--- INPUT DATA Enclosed Below ---
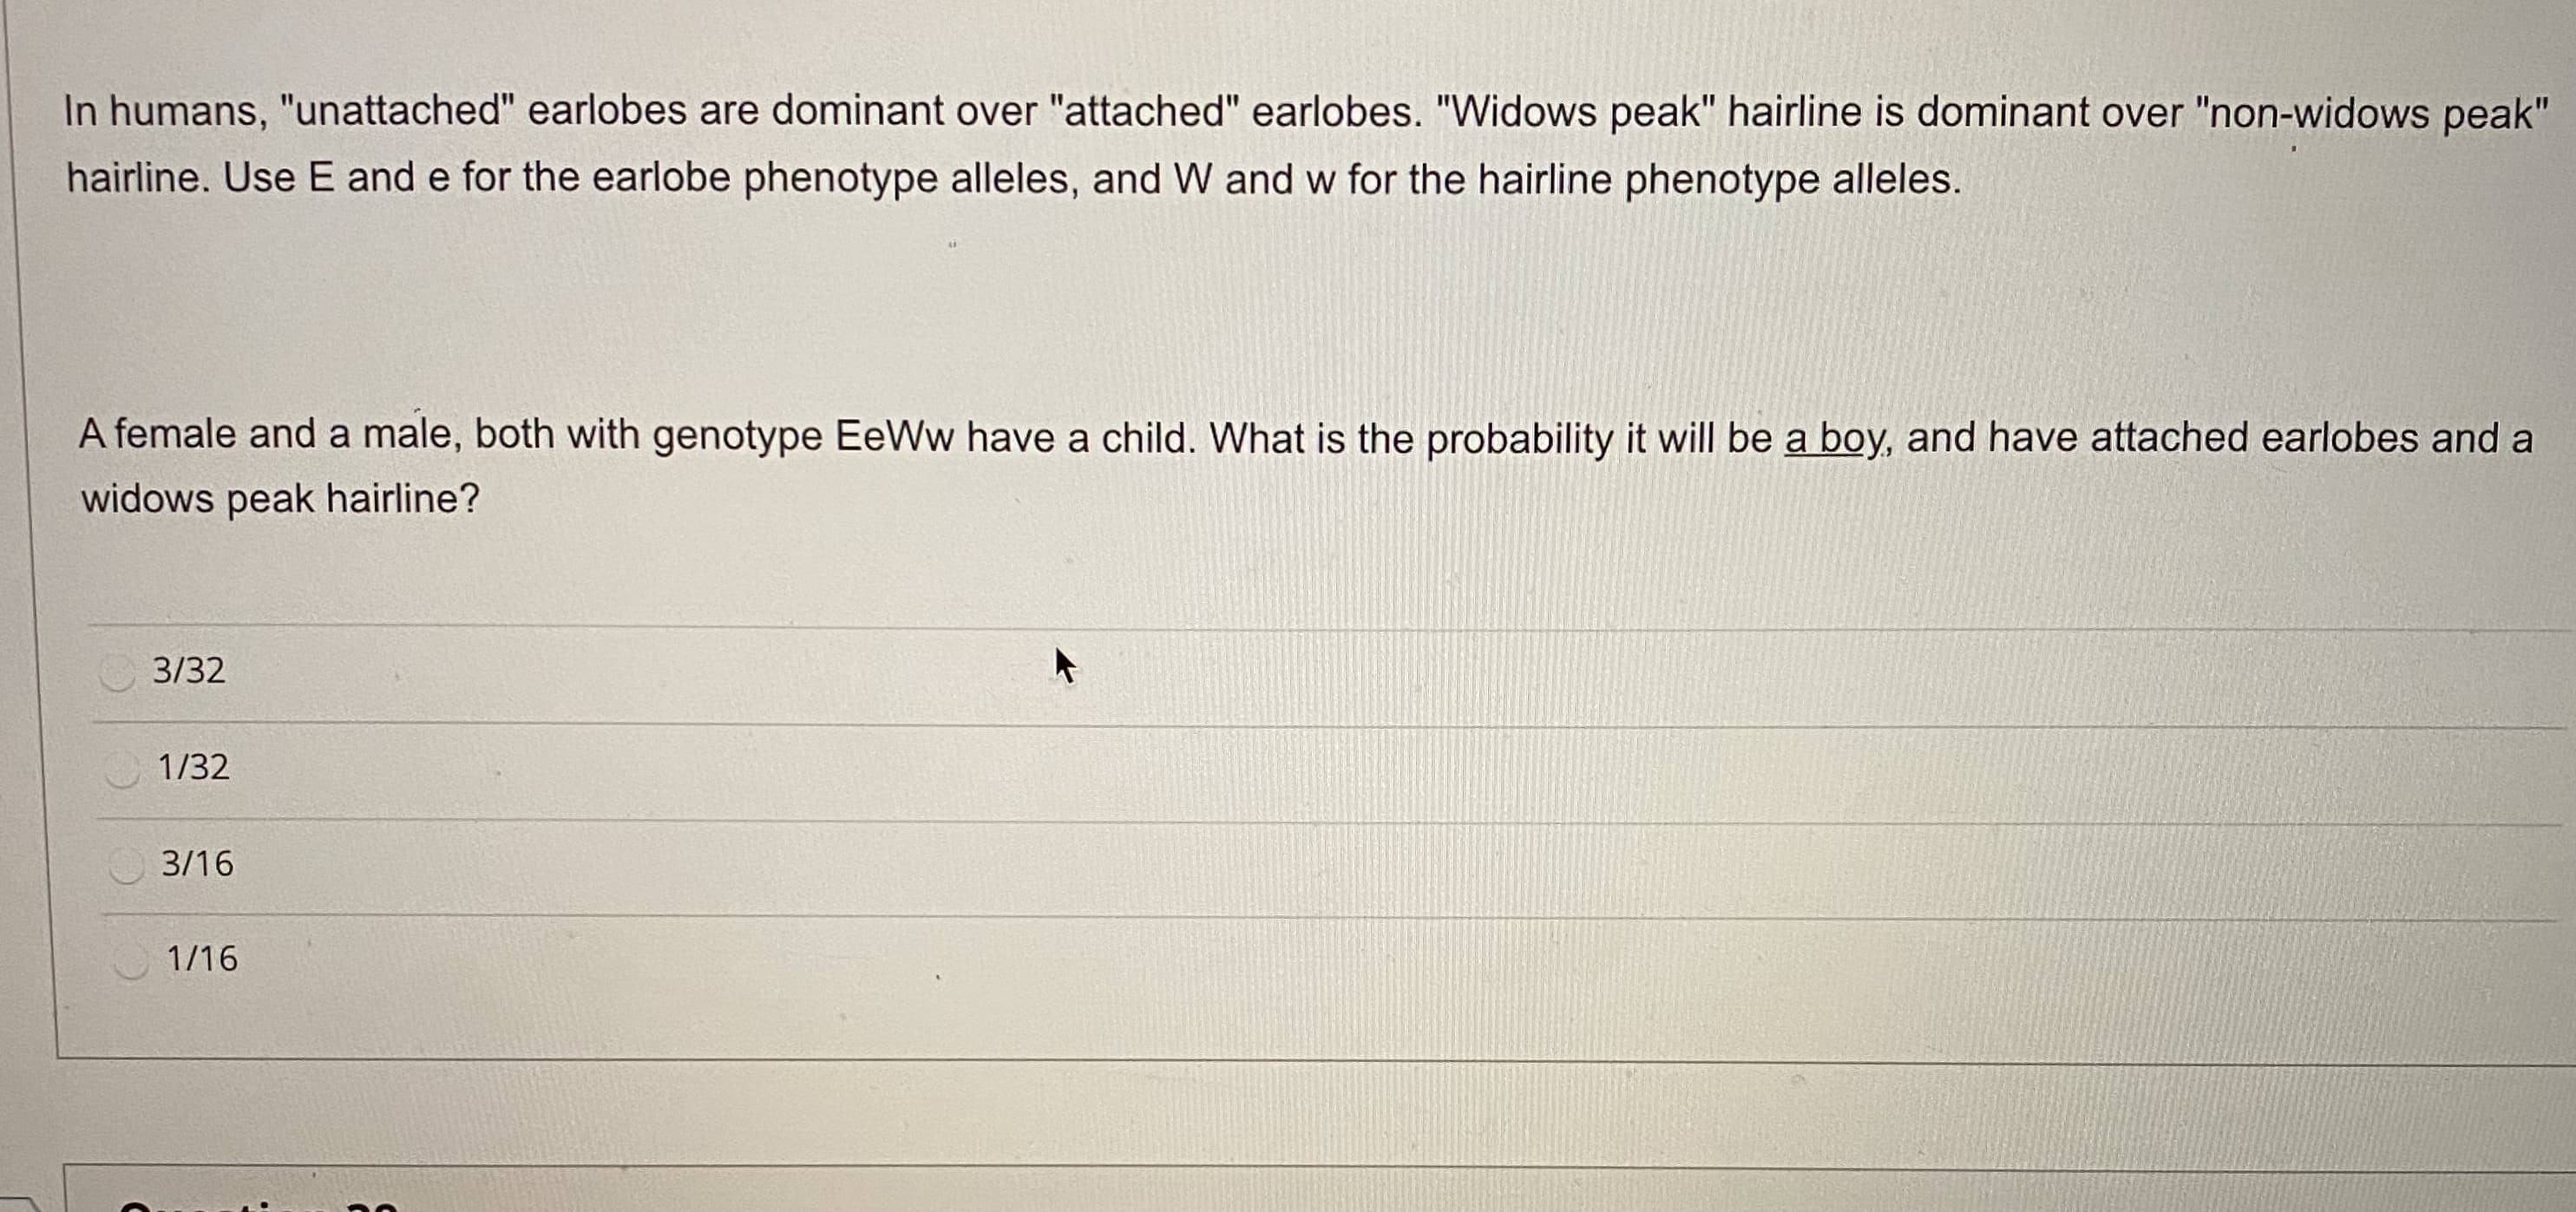 In humans, "unattached" earlobes are dominant over "attached" earlobes. "Widows peak" hairline is dominant over "non-widows peak"
hairline. Use E and e for the earlobe phenotype alleles, and W and w for the hairline phenotype alleles.
A female and a male, both with genotype EeWw have a child. What is the probability it will be a boy, and have attached earlobes and a
widows peak hairline?
--- End of Enclosed INPUT DATA ---
* TASK INSTRUCTIONS *
Your task is to repeat the material above exactly, without its pictures.

* SOLUTION TO THIS EXERCISE *
 In humans, "unattached" earlobes are dominant over "attached" earlobes. "Widows peak" hairline is dominant over "non-widows peak"
hairline. Use E and e for the earlobe phenotype alleles, and W and w for the hairline phenotype alleles.
A female and a male, both with genotype EeWw have a child. What is the probability it will be a boy, and have attached earlobes and a
widows peak hairline?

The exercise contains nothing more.